Mereka pun pergi menyusul Raditia dikantin, Dian dan yang lain memesan makan. Sikap mereka biasa saja, Raditia pun tak menanyakan urusan mereka tadi.
Mereka bercanda gurau, sembari menikmati makan siang mereka. Bel masuk berbunyi, semua murid berhamburan pergi ke kelas masing-masing.
" Oh...ya Radit kamu ambil jurusan apa nantinya?" tanya Reva.
" Entahlah, Masuk kemanapun gak ada bedanya"
" Kenapa begitu?"
" Aku kan malas belajar Ree..hehe"
" Emchh, kamu ini, kenapa tak serius dengan pendidikan mu Radit"
" Untuk apa, sudah pasti kelak aku akan menggantikan posisi papaku, hanya mempelajari beberapa hal bukankah itu sudah cukup"
__ADS_1
" Ya tak bisa seperti itu juga Radit, kamu harus lebih unggul di bidang yang kelak kamu geluti"
" Iya, iya, aku tau. Untuk saat ini kan ada kamu yang slalu membantuku"
" Iya sekarang, tapi gak mungkin untuk seterusnya aku bisa membantumu kan"
" Benar juga, baiklah aku akan lebih rajin lagi" Raditia memikirkan apa yang dikata Reva padanya.

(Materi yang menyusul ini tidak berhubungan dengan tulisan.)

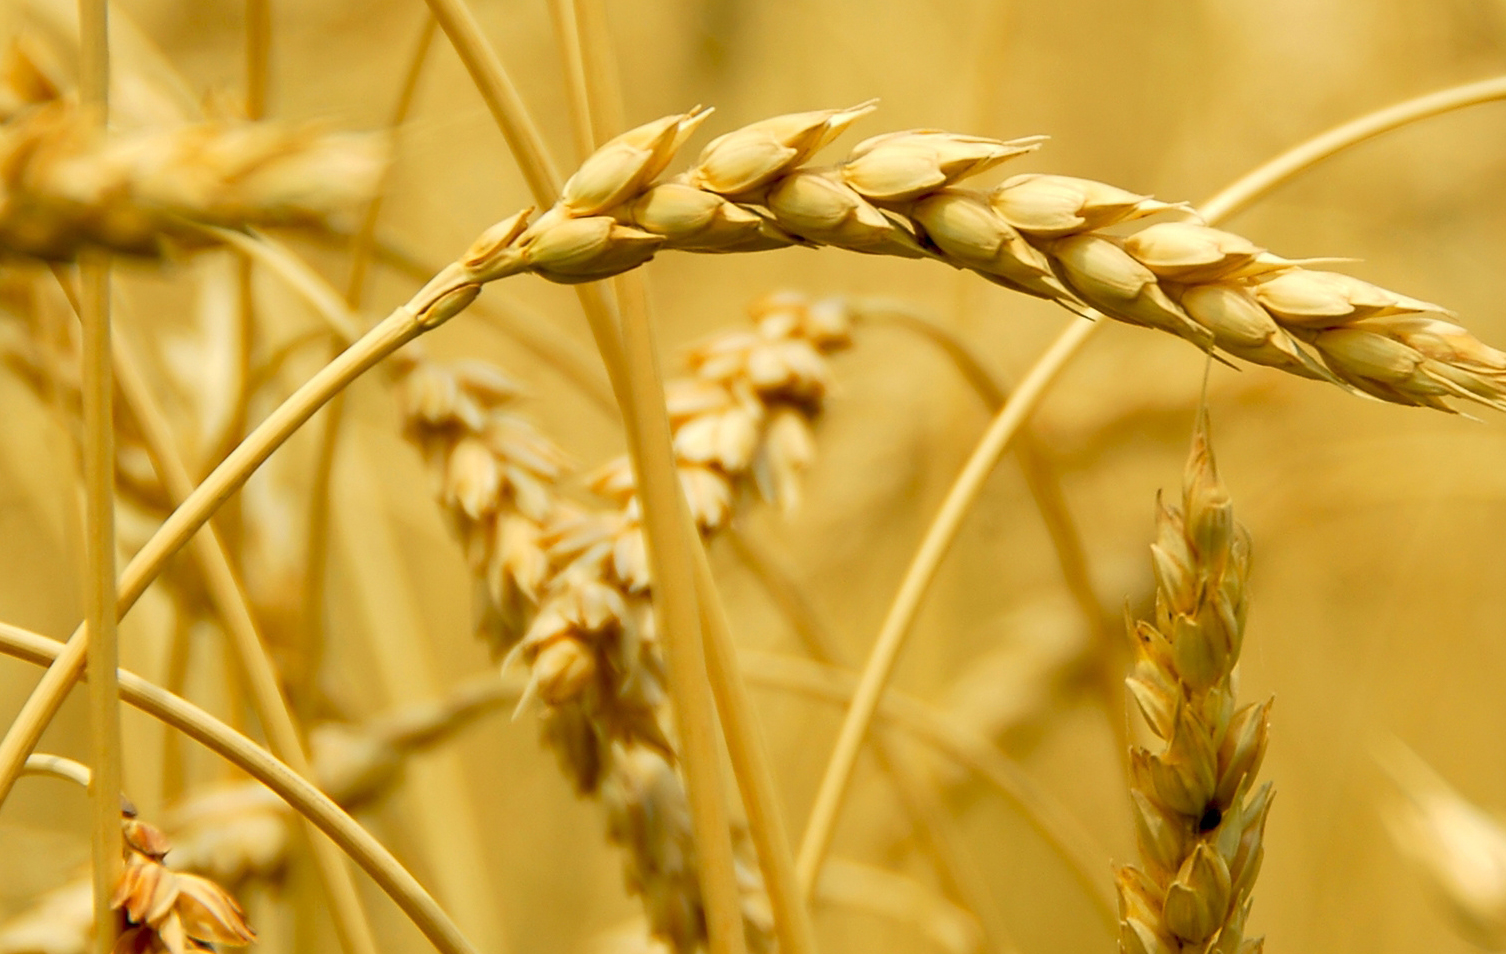 Le droit d’importation applicable au blé tendre passe à 35%
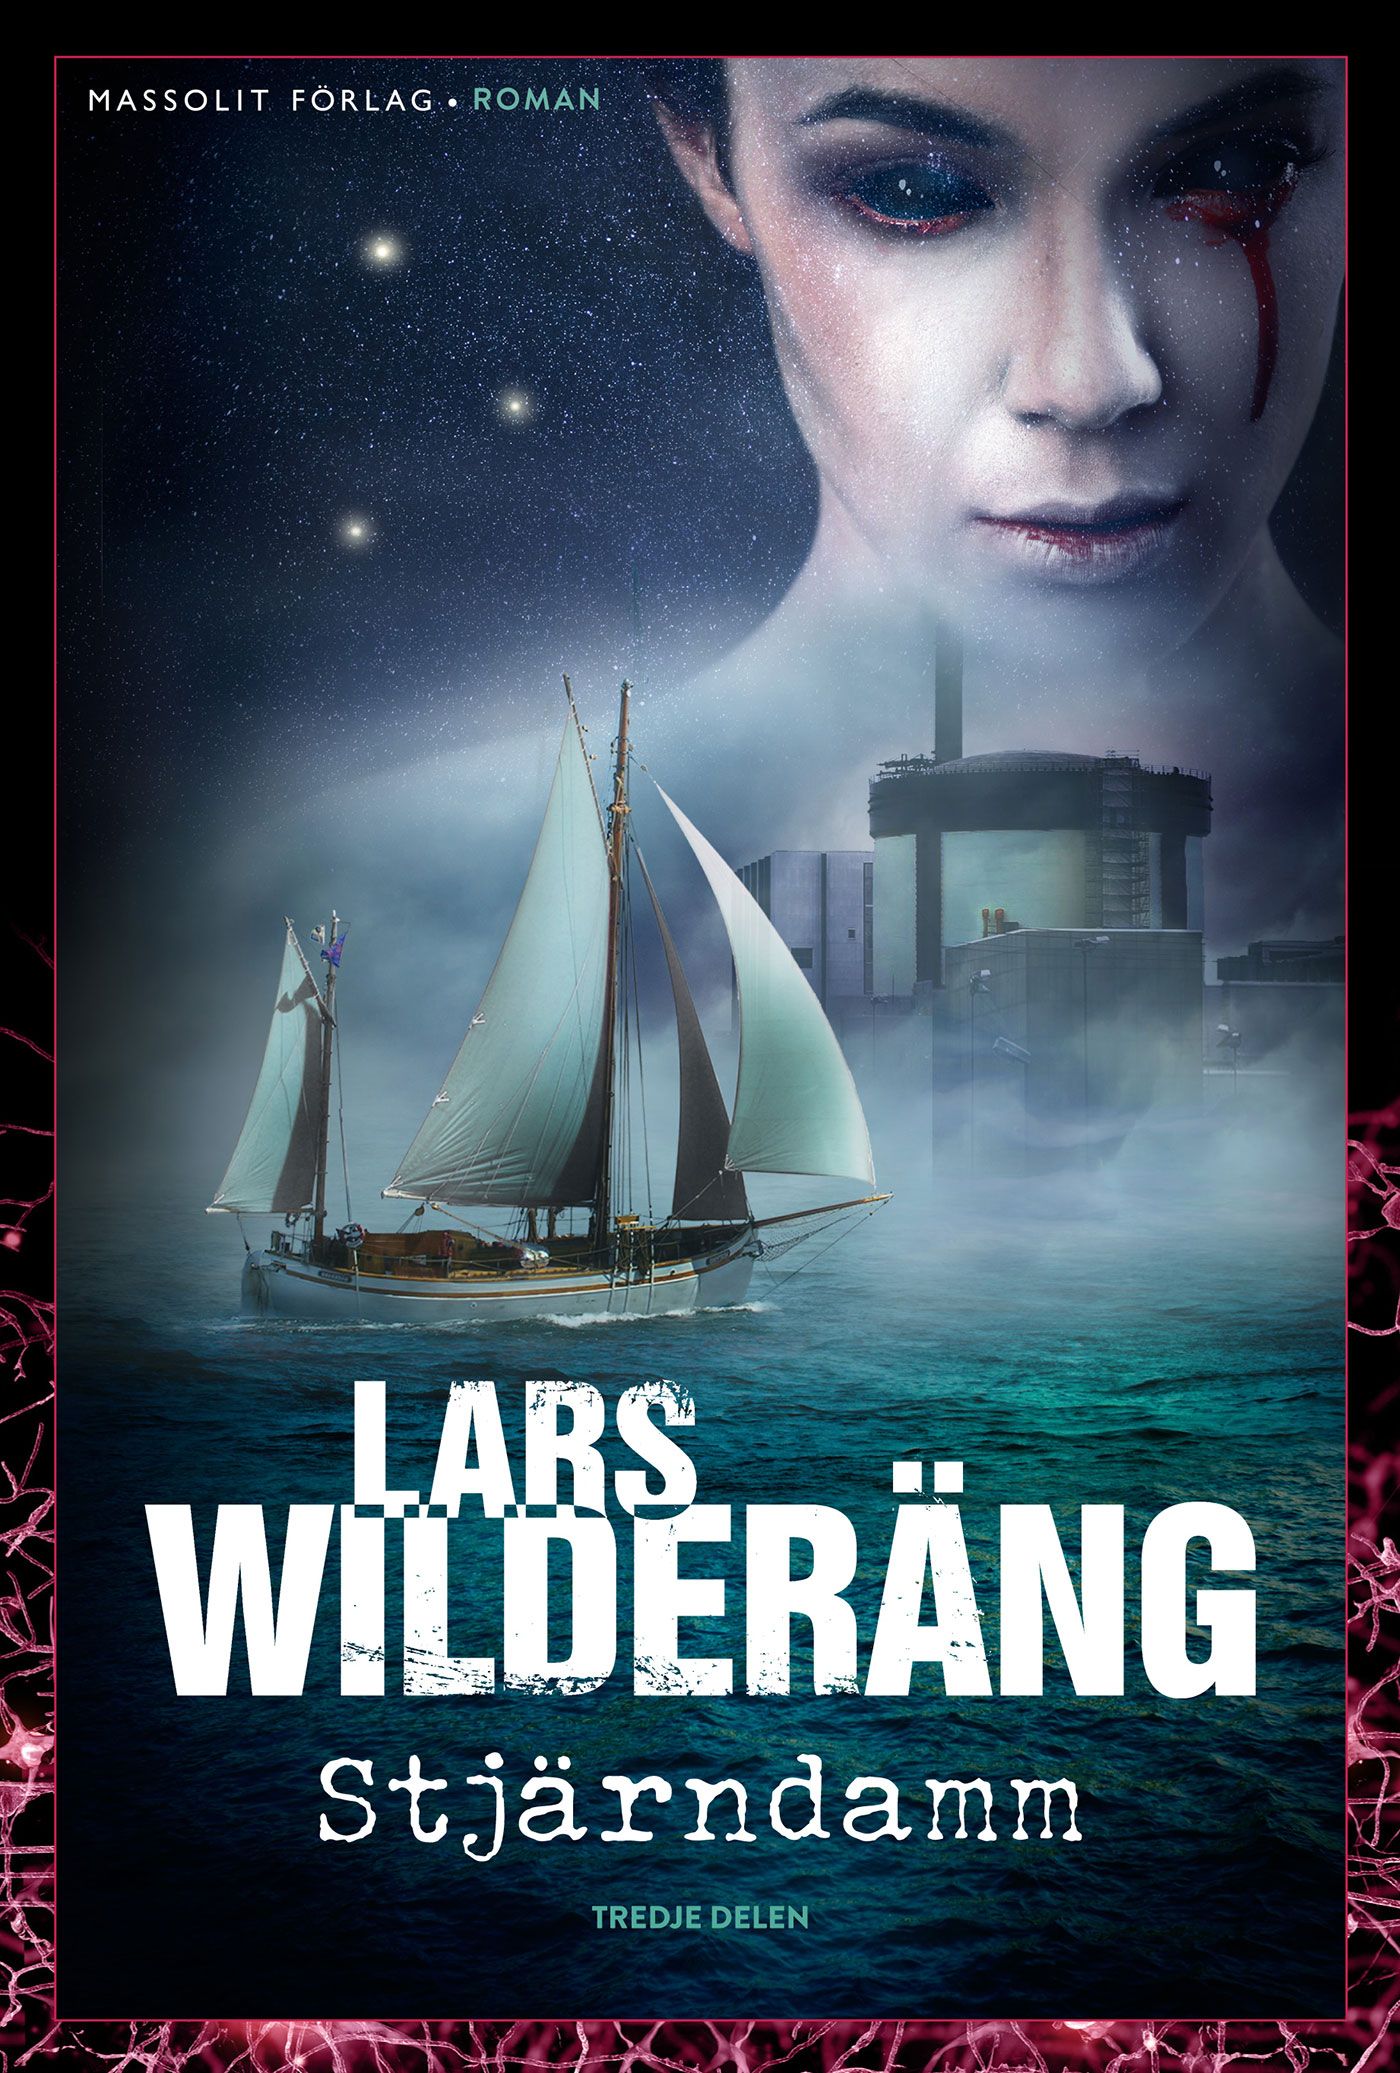 Stjärndamm, e-bok av Lars Wilderäng

Tak sengaja apa yang dikatakan Reva sama dengan yang dikatakan Almarhumah mamanya. Mamanya pernah bilang,
"Jadilah laki-laki yang punya rasa tanggung jawab yang besar. Jangan pernah bergantung pada orang lain. Berdirilah dengan kakimu sendiri. Karena kelak bukan hanya keluargamu yang kau utus tapi ada orang lain juga"
Entah kenapa setiap dekat dengan Reva, ia merasakan kenyamanan yang berbeda dalam hatinya. Seperti saat ia berada didekat mamanya.
Raditia menyadari kehadiran Reva membawa perubahan pada dirinya. Kini dia tak merasakan kesepian dalam hidupnya. Ia lebih perhatian dengan orang disekitarnya.
Raditia tak ingat mulai kapan dia menyukai Reva, yang pasti gadis cantik itu sudah mempunyai tempat dihatinya. Tempat yang hanya bisa diisi oleh mamanya.
Mereka pulang bersama lagi, mungkin untuk kedepanya mereka akan lebih sering berangkat dan pulang sekolah bersama.
Saat pulang
" Radit, aku boleh tanya sesuatu" Ucapnya ragu-ragu.
" Boleh Reva, apa katakan"
" Semalam kamu ke mall sendiri atau dengan siapa?" Sebenarnya Reva tak enak hati menanyakan ini pada Raditia. Tapi apa boleh buat Reva ingin tau sendiri apa jawaban Raditia.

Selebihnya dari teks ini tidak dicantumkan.